Imagine I want to do a pilot study. Based on a low sample size, it is likely that a test for normal distribution finds that my sample is not normally distributed. Now imagine that I know that the population from which the sample is taken (say the elderly defined as 65+ years) is normally distributed.

''"If the population data are normally distributed, then we say that the
random variable Y_i follows a normal distribution. In this case the
estimator Ybar also follows a normal distribution."
-- Principles of econometrics, Carter Hill et al. third edition, p.507

we know that blood glucose in the sample SHOULD follow a normal distribution. So just because the test calculates that it is unlikely to be part of a normal distribution, we KNOW it is part of a normal distribution (right?).

Thus based on the data in the sample an sich (as calculated by a test for normality), it is unlikely that the sample is part of a normal distribution, but we already know it is part of a normal distribution, because it's part of population that is normally distributed. Therefore what the test says doesn't really matter, because the test tests how likely it is the sample is normally distributed, but we alread know that it is.

Does that makes sense, or am I totally missing something?

Because I have a follow up question. How do you know that the population is normally distributed? What if I have a study on the same poulation with a much larger sample size, and in their large sample size they found that the sample was normally distributed. Based on that, can I conclude that it is likely that the population is distributed?

#### Mr5

##### New Member
I agree with the previous two comments.
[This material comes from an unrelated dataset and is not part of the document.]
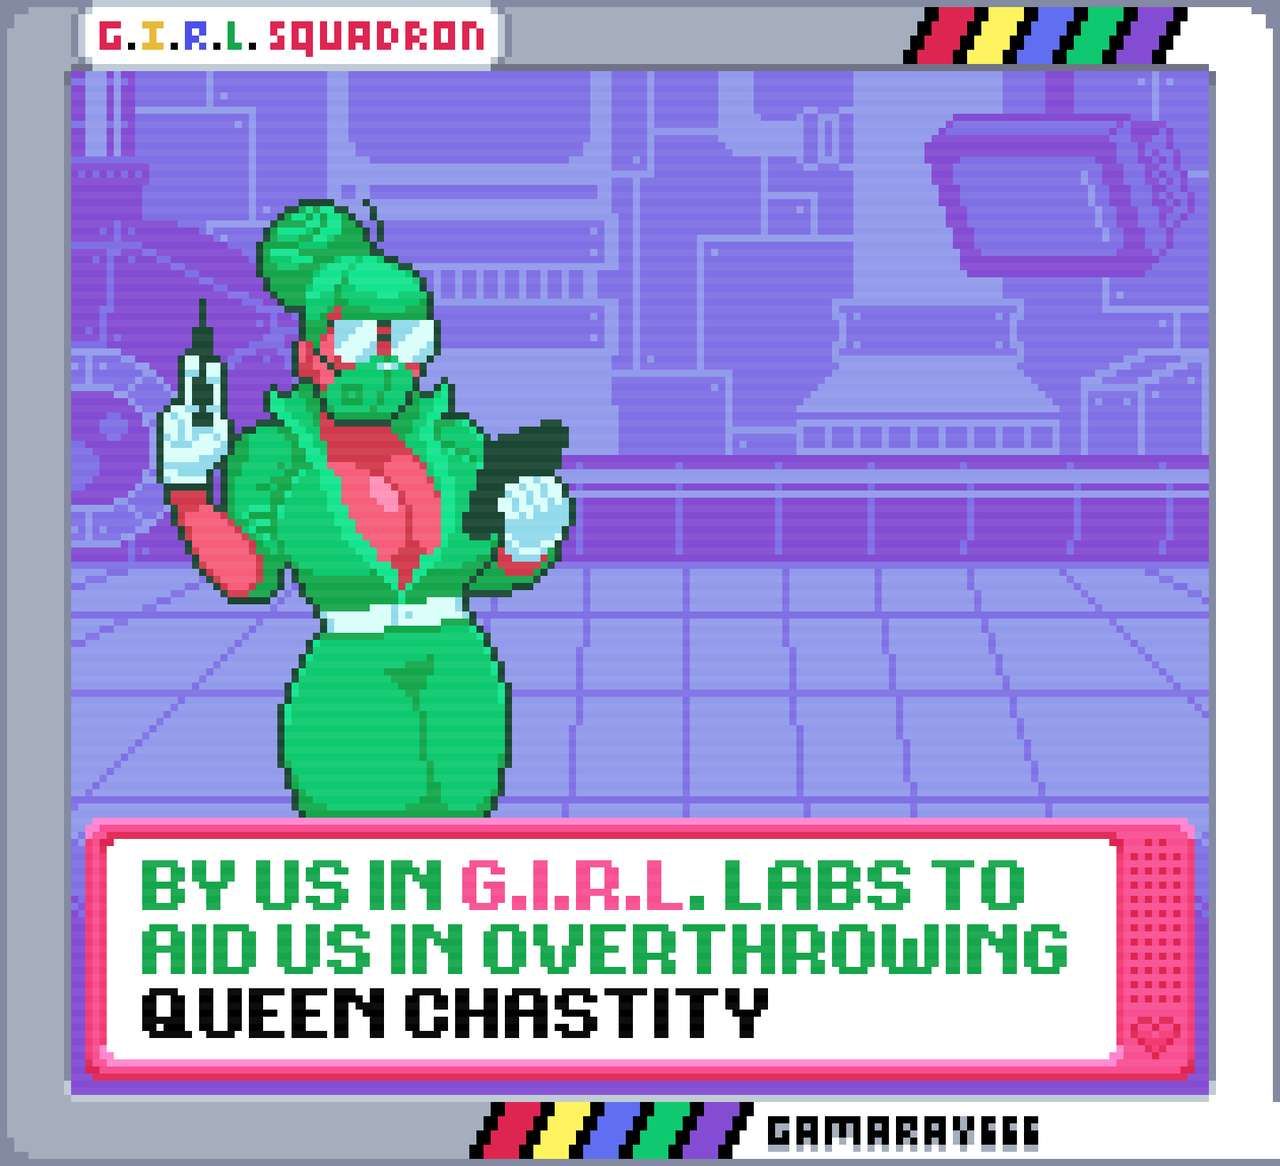 G. I. R. L. SQUADRON - A Choose Your Own Adventure 3

A number of parametric tests are robust enough to handle it. I think that if you're worried about it, you simple state the skewedness (or whatever) in your reporting.

Disclaimer: I'm a novice.

#### Dason

What exactly are you trying to do that requires 'the sample to be normally distributed'? I can't think of anything off the top of my head that requires that specific requirement.

#### CowboyBear

##### Super Moderator
Hmm. Isn't it the sampling distribution of the particular statistic we're interested in that really matters, rather than the distribution of sample data?
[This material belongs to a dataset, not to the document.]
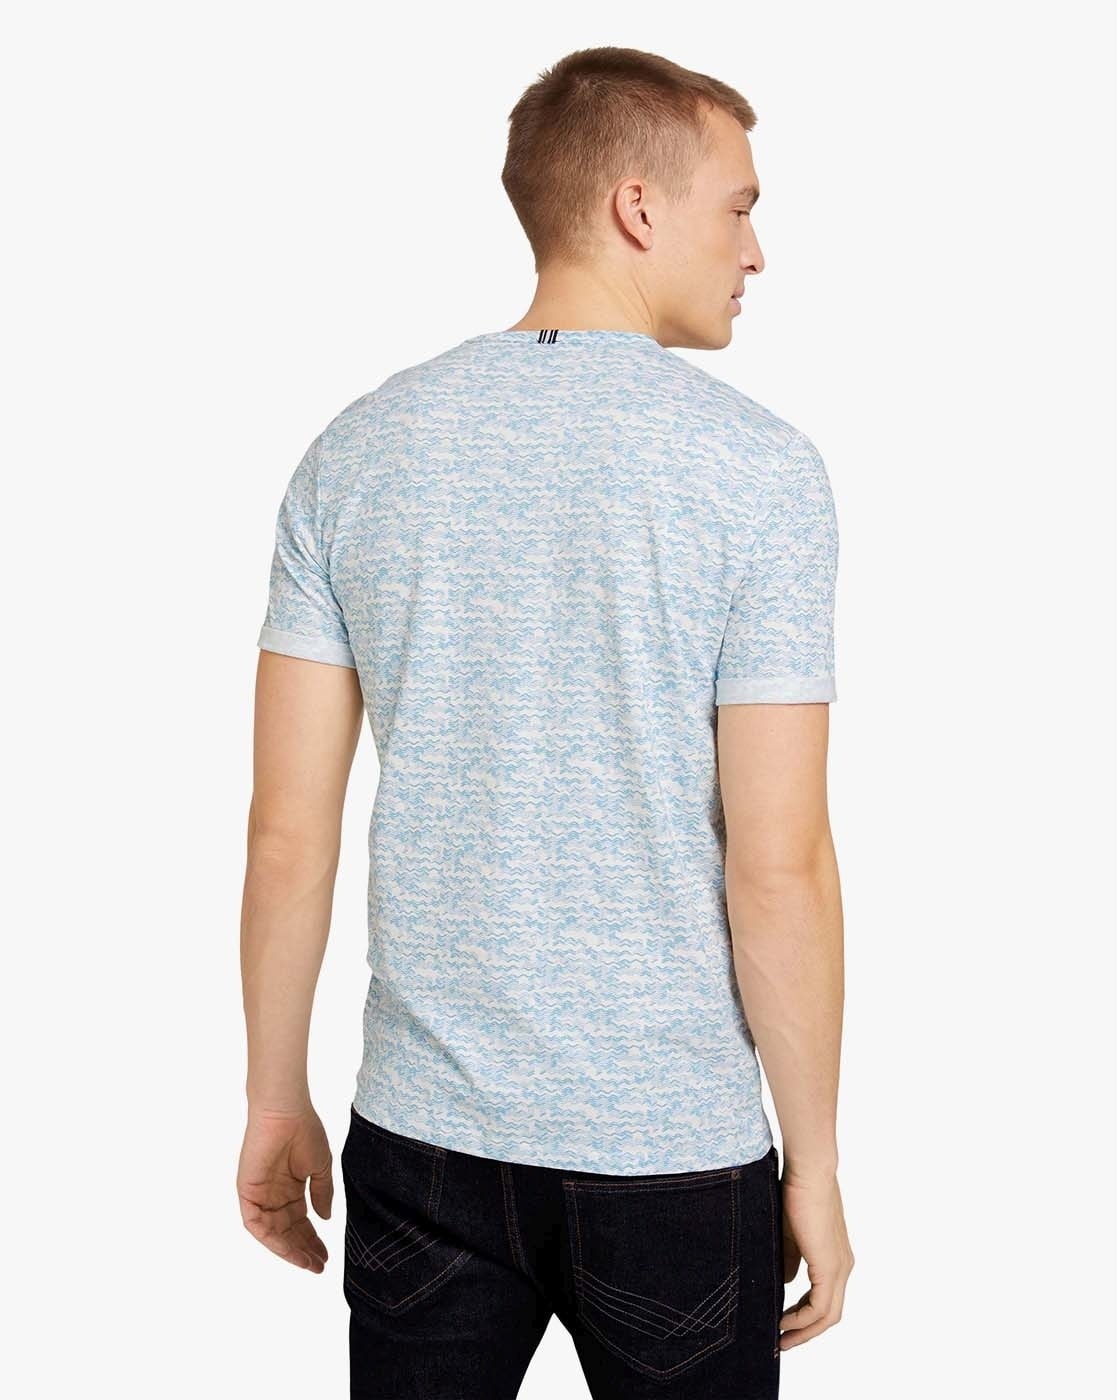 Buy Blue Tshirts for Men by Tom Tailor Online

Presumably then the sampling distribution depends on the distribution of datapoints in the population rather than in the sample...

#### Dason

Hmm. Isn't it the sampling distribution of the particular statistic we're interested in that really matters, rather than the distribution of sample data?

Presumably then the sampling distribution depends on the distribution of datapoints in the population rather than in the sample...
That's exactly why I was interested in what they were doing because I was fairly certain that it was the sampling distribution they really were interested in.

#### DancerTiffy

##### New Member
The way I see it is that the Central Limit Theorem states that a random variable can be sampled from any population, normally or distributed or not, and then the means of this random variable will be normally distributed.
If sample sizes are >30 then you can use normal distribution Z tables; otherwise use the T-distribution when the std. dev. is not known.
In short, the population does not have to be normally distributed is order to use sample statistics.